The Politics of Trade and Trash by The Waste Collective.
The Politics of Trade and Trash (Photo Credit Julie Sando)
Troy David Ouellette 2006

When I first set out to collect trash alongside Huron Church Road I had no idea that I would be bringing back two garbage bags full of items that ranged from receipts for paper shredders to bottled water. I was amazed at the implications this suggested – namely that we have very little control over our lives as citizens to assert rights regarding quality of life. This also holds true in terms of ethical input to change the direction of systems of technology. Virtually everything has become commodified. Although our democratic institutions profess to allow for the commercial exchanges to provide for a variety of products it could be suggested, by the evidence of the garbage within this project, that there is actually little variety. Our free agency and our ability to build a community with local resources is almost non-existent. The western economy is built on a paradigm that regards nature as a resource. The implications of such an attitude do not bode well for the future.

Growing up in the 1970s it was unthinkable that, in the near future, bottled water would become a common commodity one simply trusted the local water authority to do their job with local taxes. Industry was expected to be ethical enough to dispose of waste properly, although it often didn't. This lack of ethical integrity, the prioritization of profit over public welfare has persisted and grown. As Herbert Marcuse commented, "There is no personal escape from the apparatus which has mechanized and standardized the world, (66) For me it was important to make this visible.

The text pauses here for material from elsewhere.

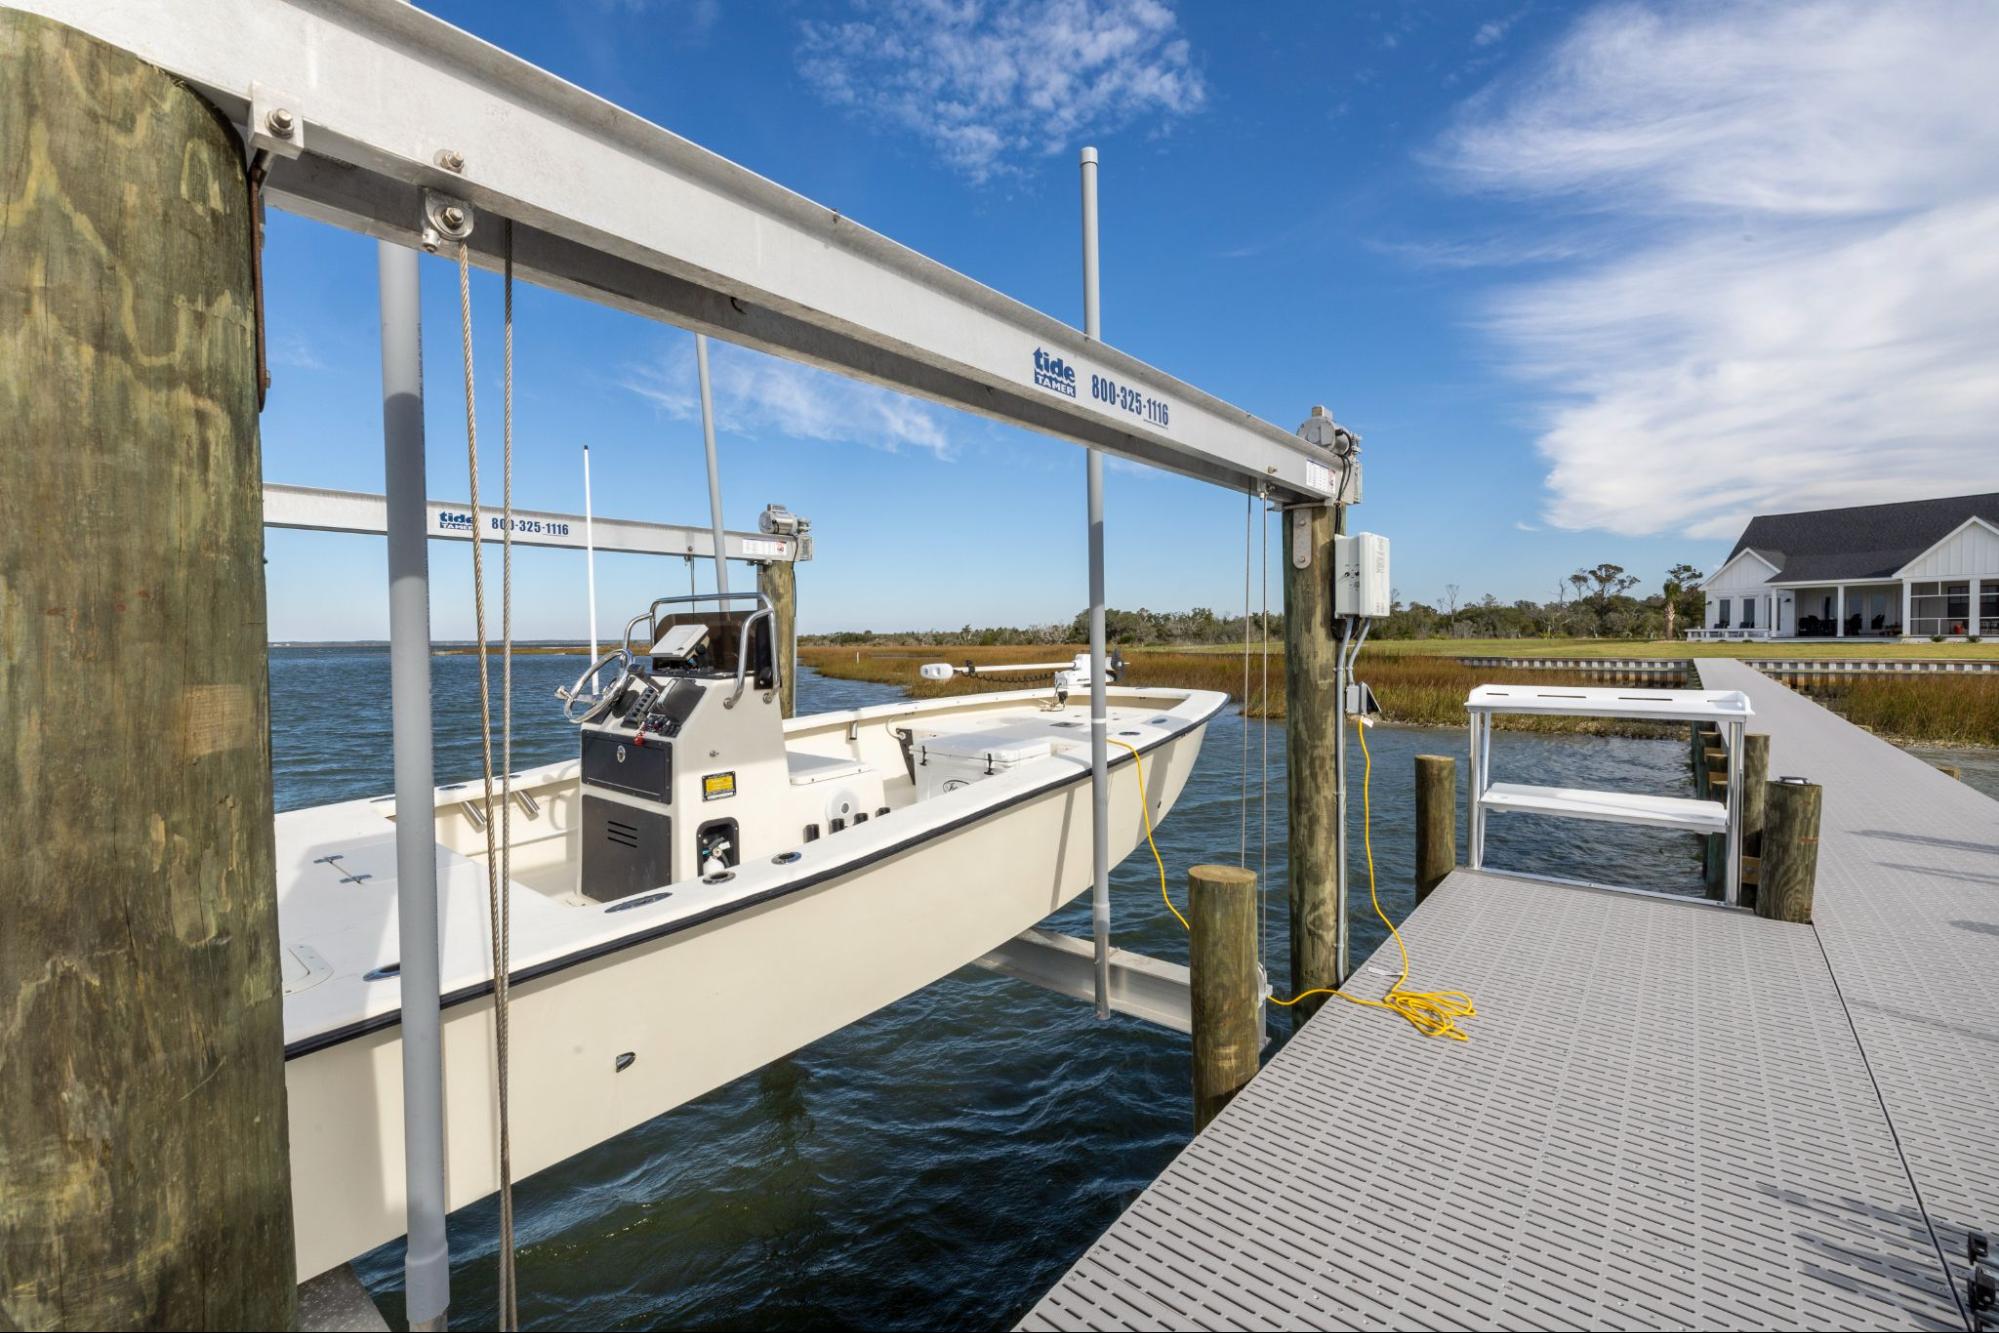 A white boat next to a marine dock on a lake with Titan Deck marine decking.

The statement by Marcuse offers up very little room to manoeuvre in terms of individual autonomy indeed he also points out that many scientific discoveries are shelved as soon as they interfere with profitable marketing. This is in his essay the “Social Implications of Technology”. 1982

By manipulating the garbage collected I fashioned a map of North America and local area, graphs, and a display showing the contents of what had been archived from a performance of garbage collecting. The introduction of “old” technology the computer references a system of technological production and commodity. In this case a very hopeless system indeed, tethered to its trademark umbilical electrical cord, which powers a tiny display listing the items gathered. The display technology exemplifies what Derrida referred to as "Archive Fever." 'Archive Fever' demonstrates the mnemonic unreliability of the archive, which at once preserves and institutes the "true" interpretation, the traditional reception of the material it records. Just as the encyclopedic documentation purveys a universal order and is disrupted by difference - gaps and fissures in the order of things and is subsumed by an "irrepressible desire to return to the origin, a homesickness, a nostalgia for the return to the most archaic place of absolute commencement."(91)
The graph or chart is a manifestation of data collection, forecasting trends and events from the downturn of the stock market to sales forecasts. They are inextricably tied to notions of progress. By the juxtaposition of the map, the graphs become suspect and open to question.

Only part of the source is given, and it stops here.